In October 1962 the world teetered on the brink of nuclear war when the leaders of the US and the Soviet Union engaged in a tense, 13-day stand-off over the installation of nuclear-armed Soviet missiles on Cuba, just 90 miles from the US shores. To mark the 60th anniversary of the Cuban Missile Crisis when the world gazed into the abyss of potential annihilation Max Hastings’s major new history ABYSS tells the story from the viewpoints of national leaders, Russian officers, Cuban peasants, American pilots and British disarmers.
 
Hastings began researching this book believing that he was exploring a past event from twentieth century history. He is as shocked as are millions of us around the world, to discover that the invasion of Ukraine gives this narrative a hitherto unimaginable twenty-first century immediacy. We may be witnessing the onset of a new Cold War between nuclear-armed superpowers. To contend with today’s threat, which Hastings fears will prove enduring, it is critical to understand how, sixty years ago, the world survived its last glimpse into the abyss.

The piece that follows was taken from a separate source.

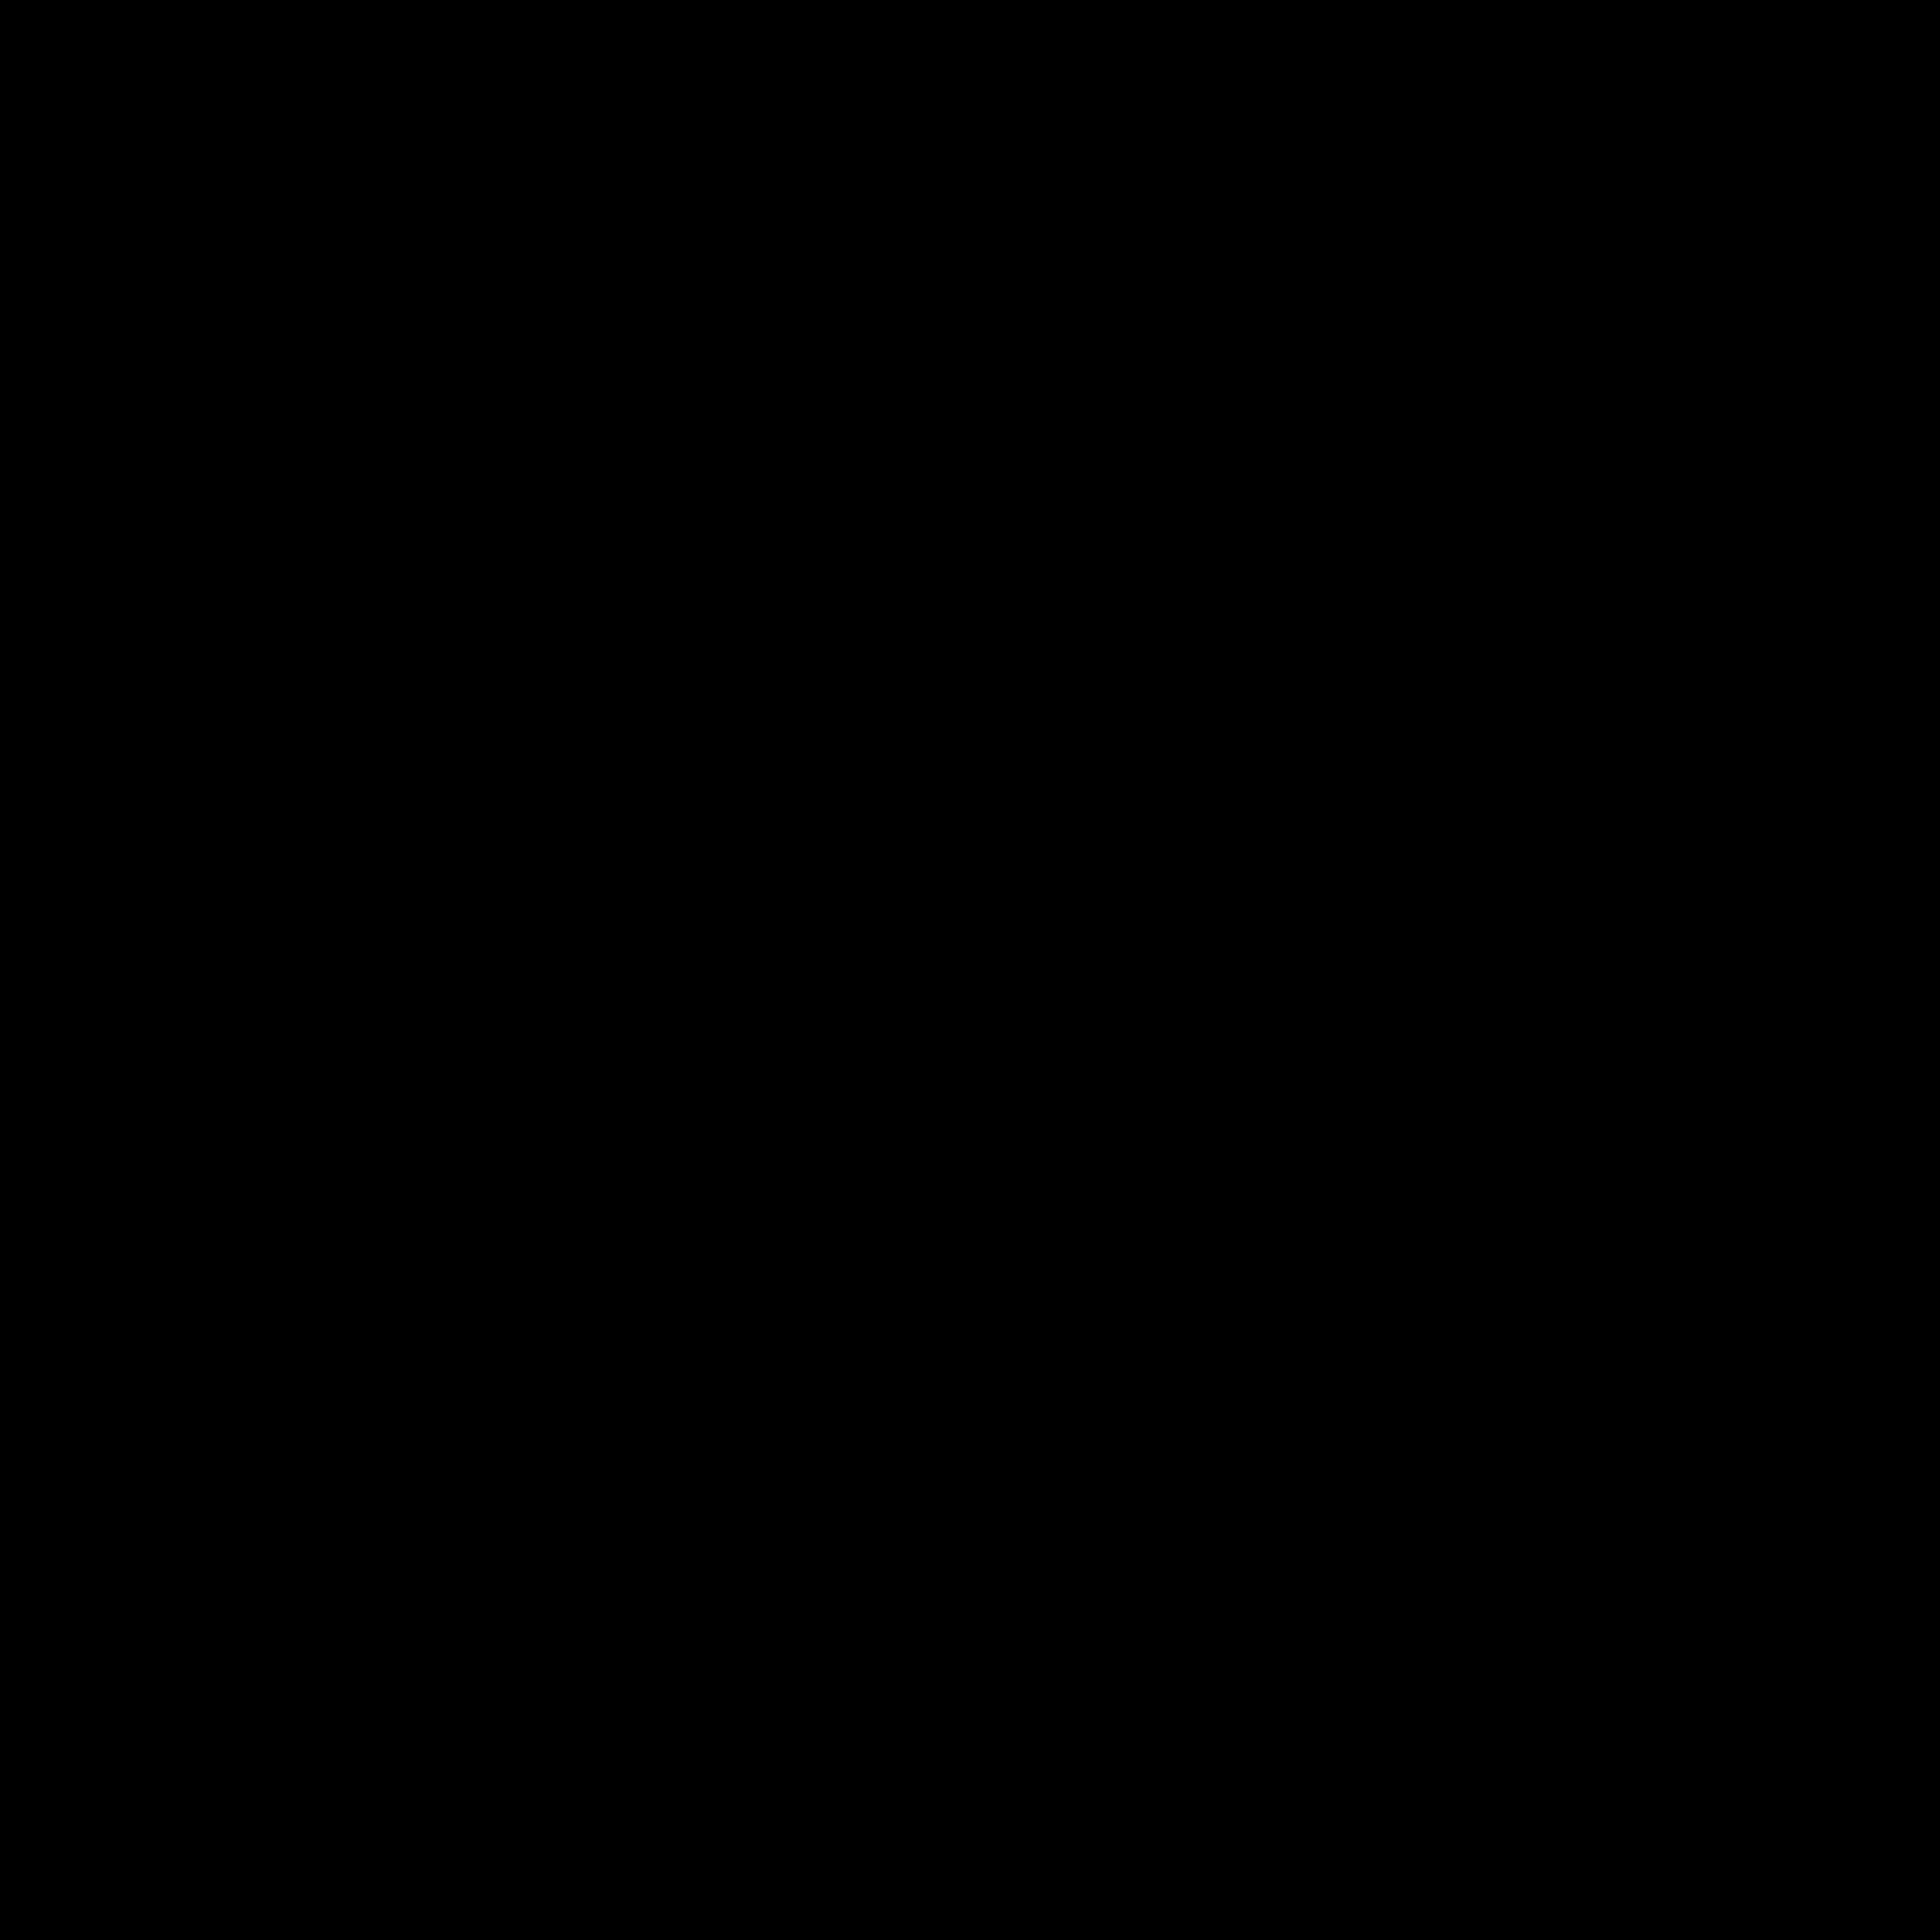 Ouroboros PNG - 7049

Only by fearing the worst, he argues, can our leaders hope to secure the survival of the planet.
 
The evening will begin at 6.00 pm with a drinks reception, followed by the lecture at 6.30 pm in the Hall. Time will be given for questions before the end of the talk at 7.35 pm. A drinks reception with sandwiches will be served afterwards and the evening will finish at 9.00 pm.